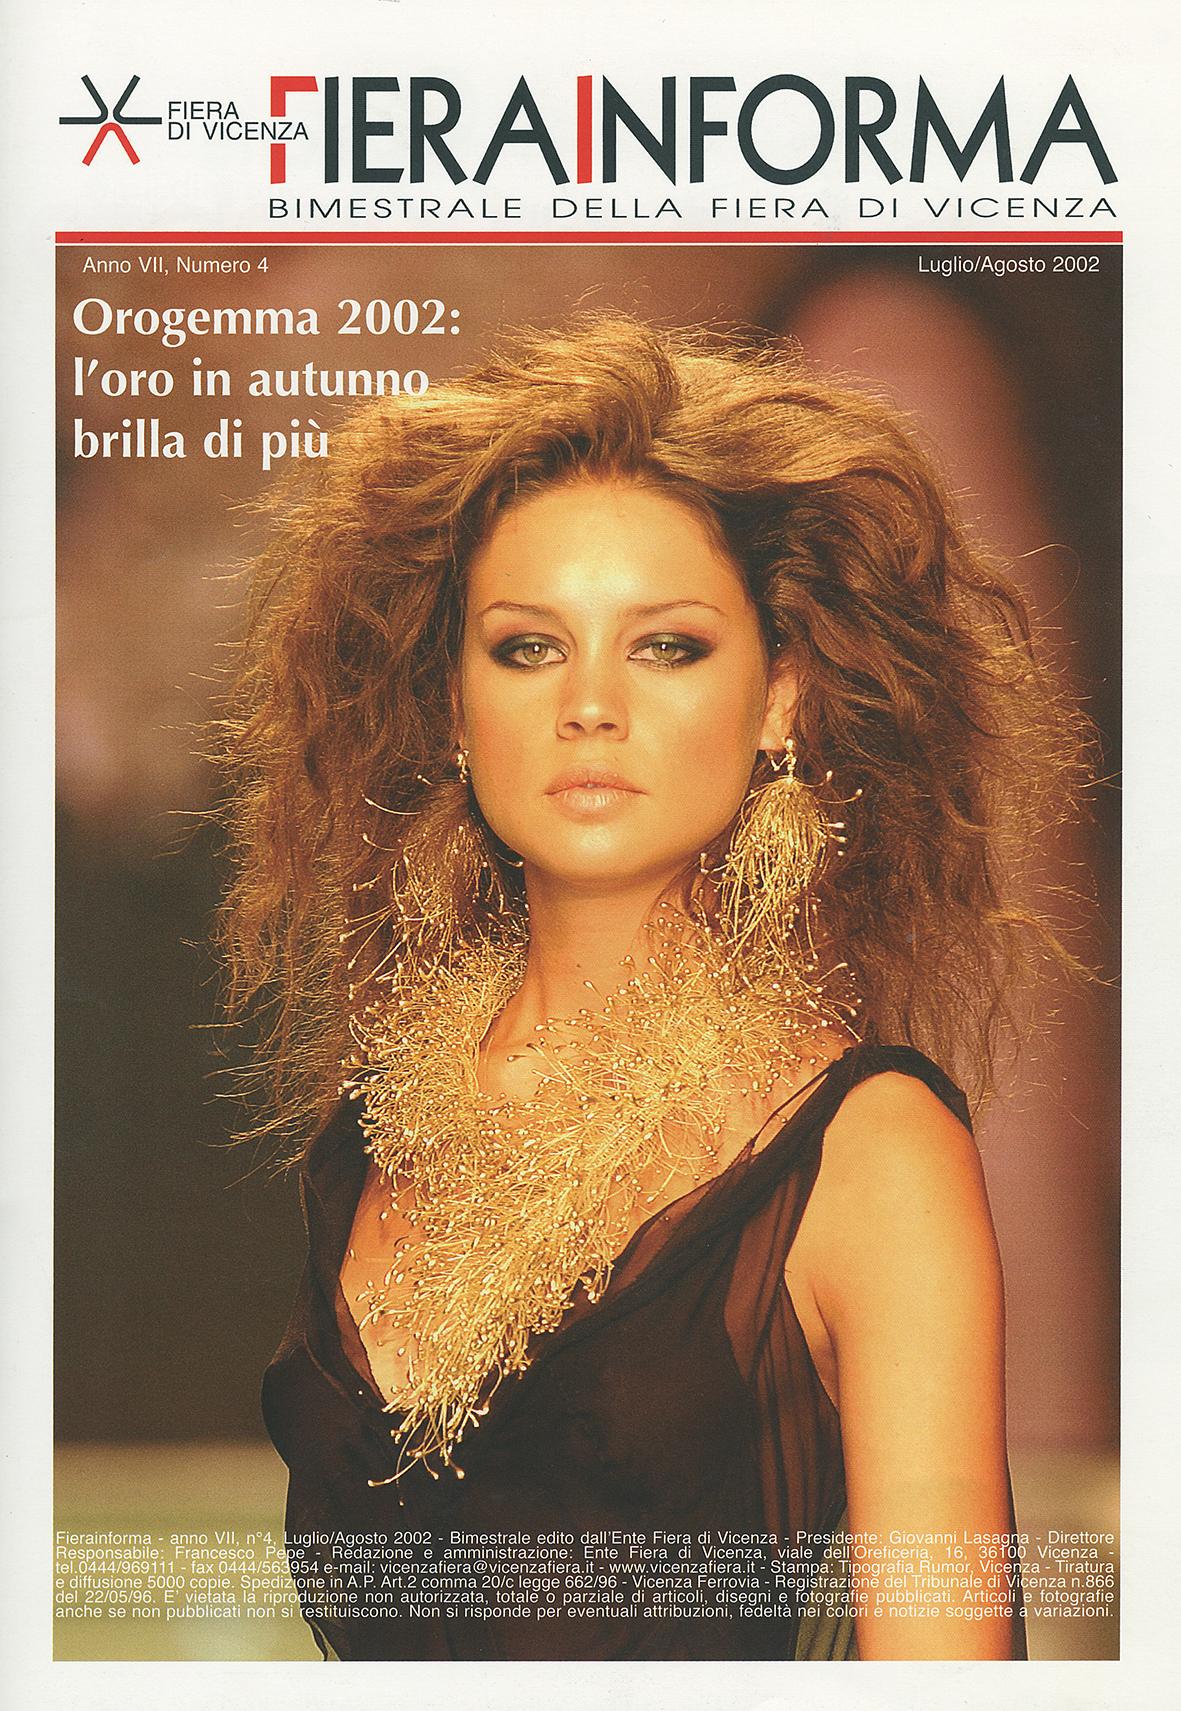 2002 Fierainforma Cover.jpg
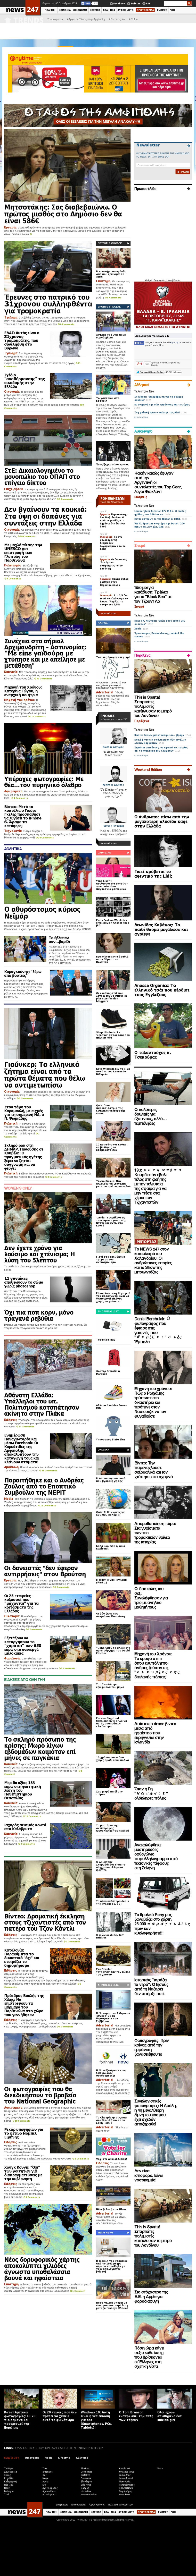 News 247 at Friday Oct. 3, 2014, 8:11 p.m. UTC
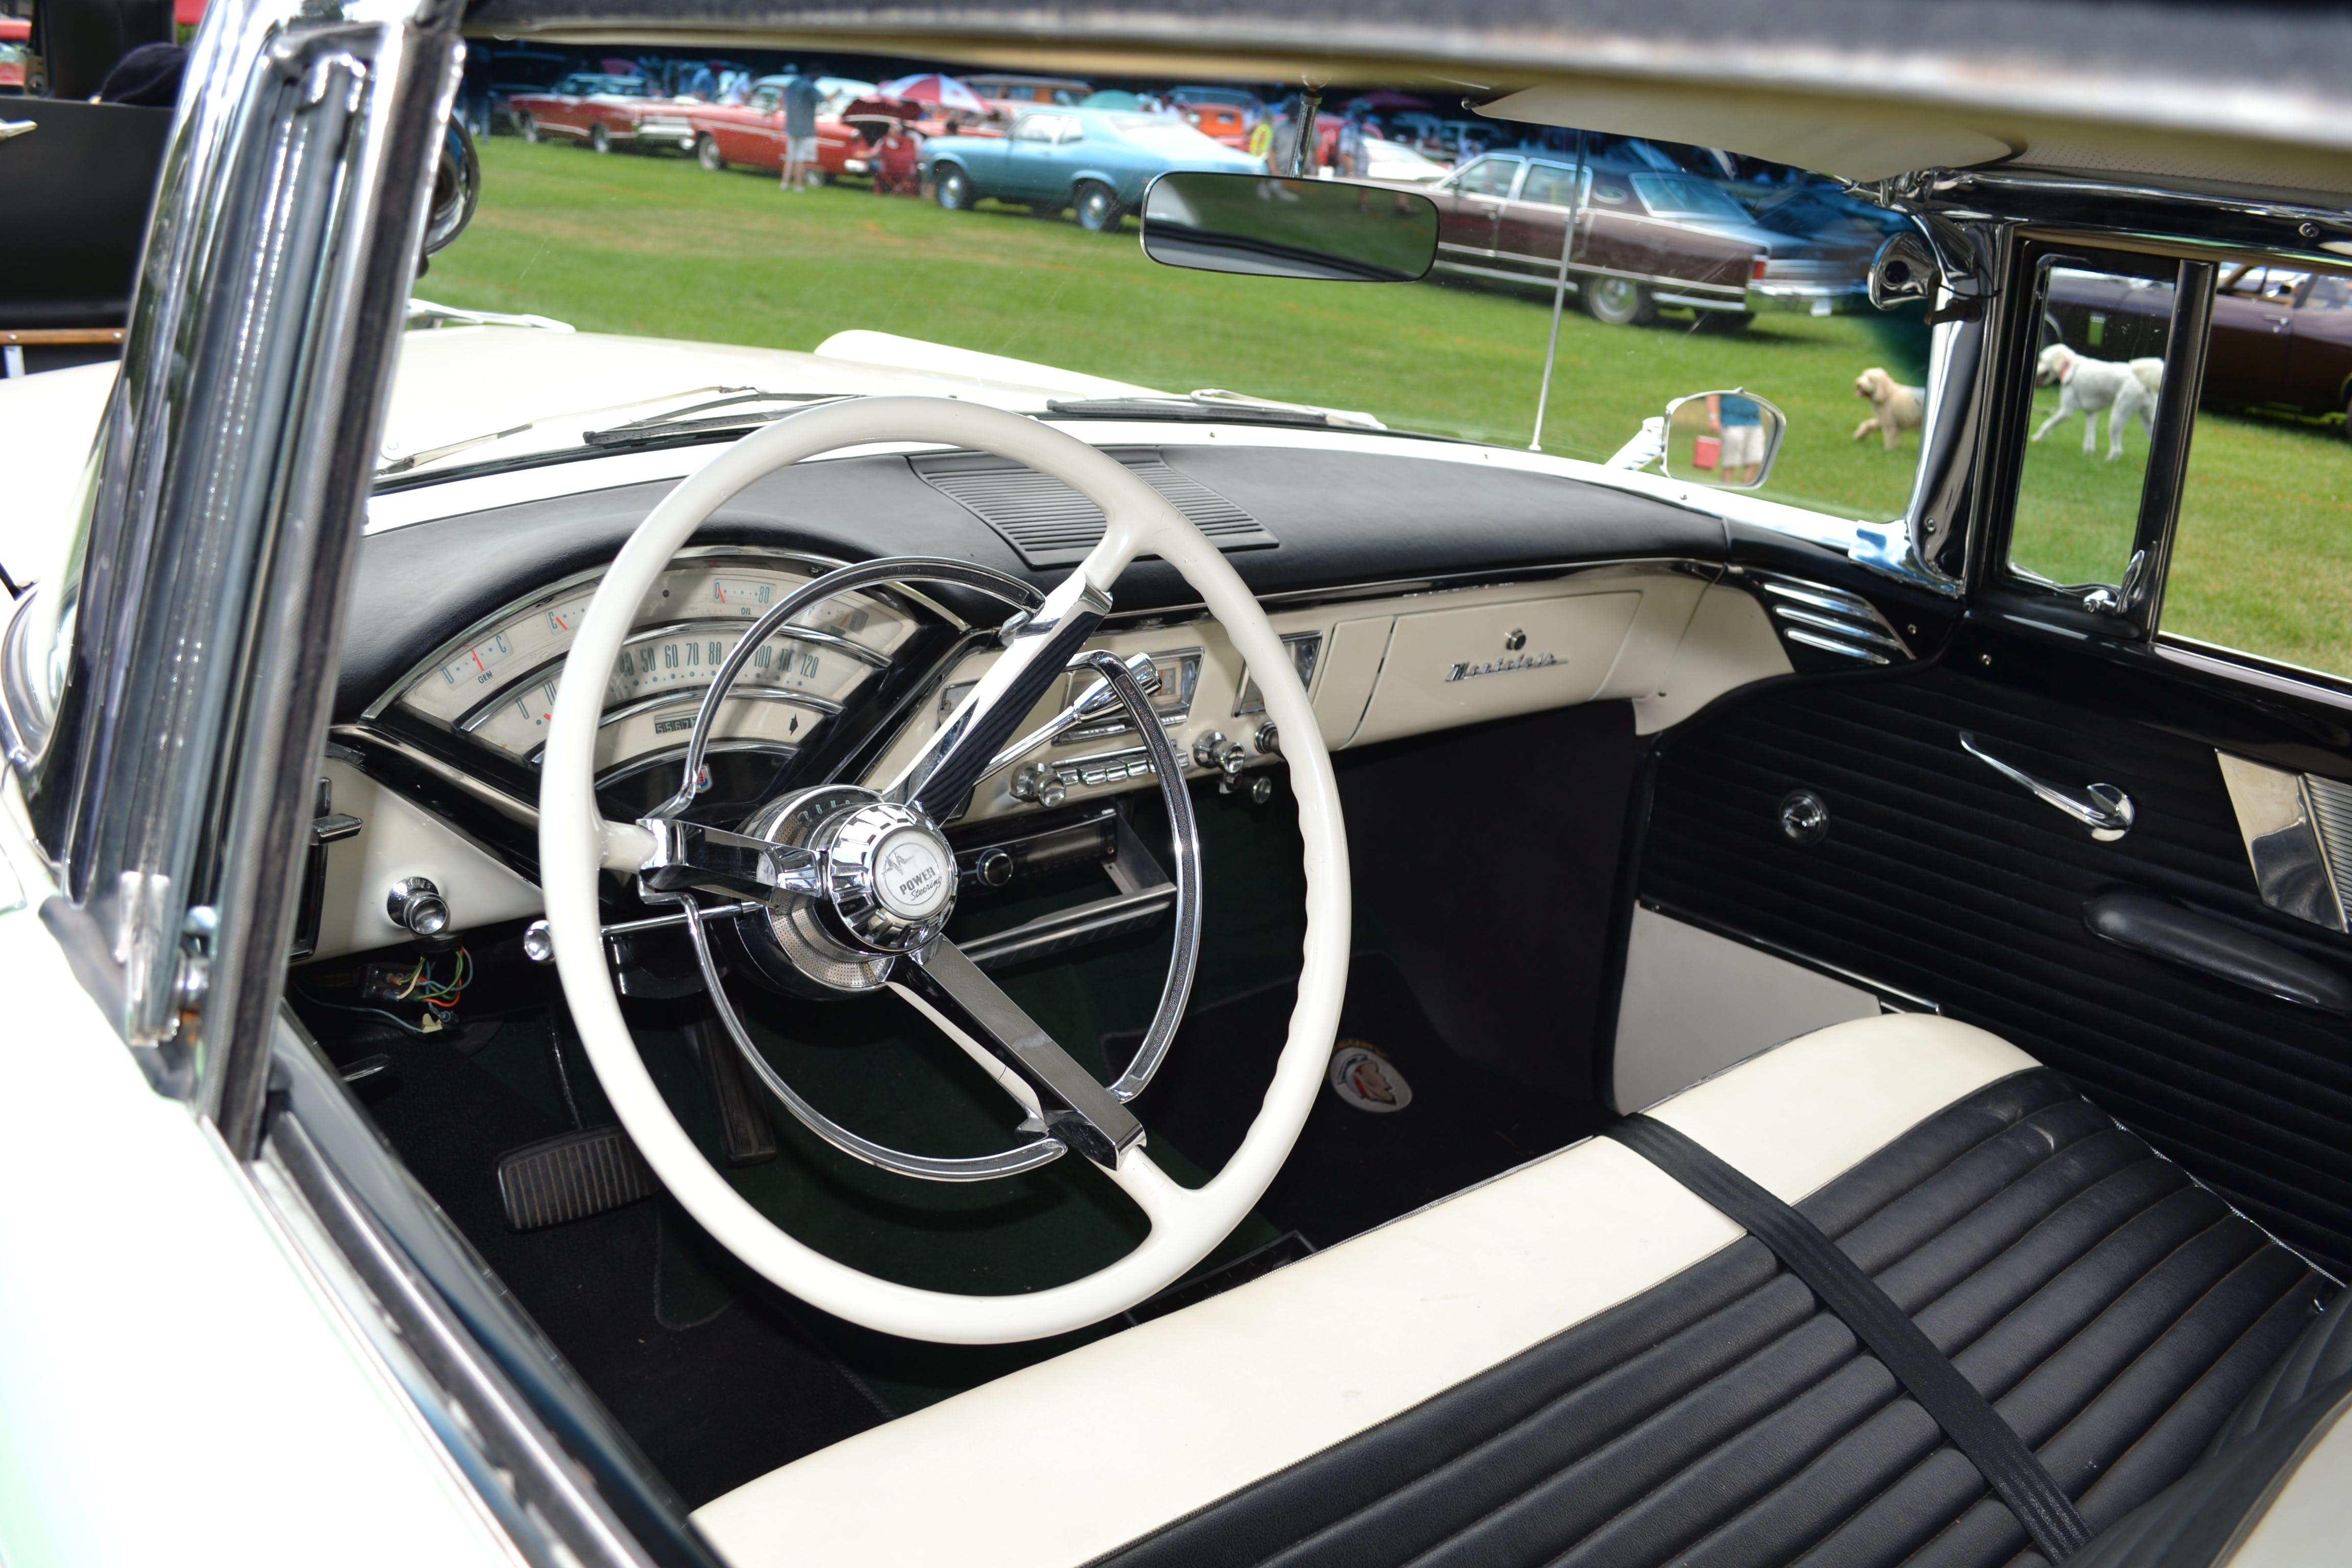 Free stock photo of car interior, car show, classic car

◆ Exercise directions: Drop the images; restate the listing exactly.

◆ Written answer:
 2002 Fierainforma Cover.jpg
 News 247 at Friday Oct. 3, 2014, 8:11 p.m. UTC
 Free stock photo of car interior, car show, classic car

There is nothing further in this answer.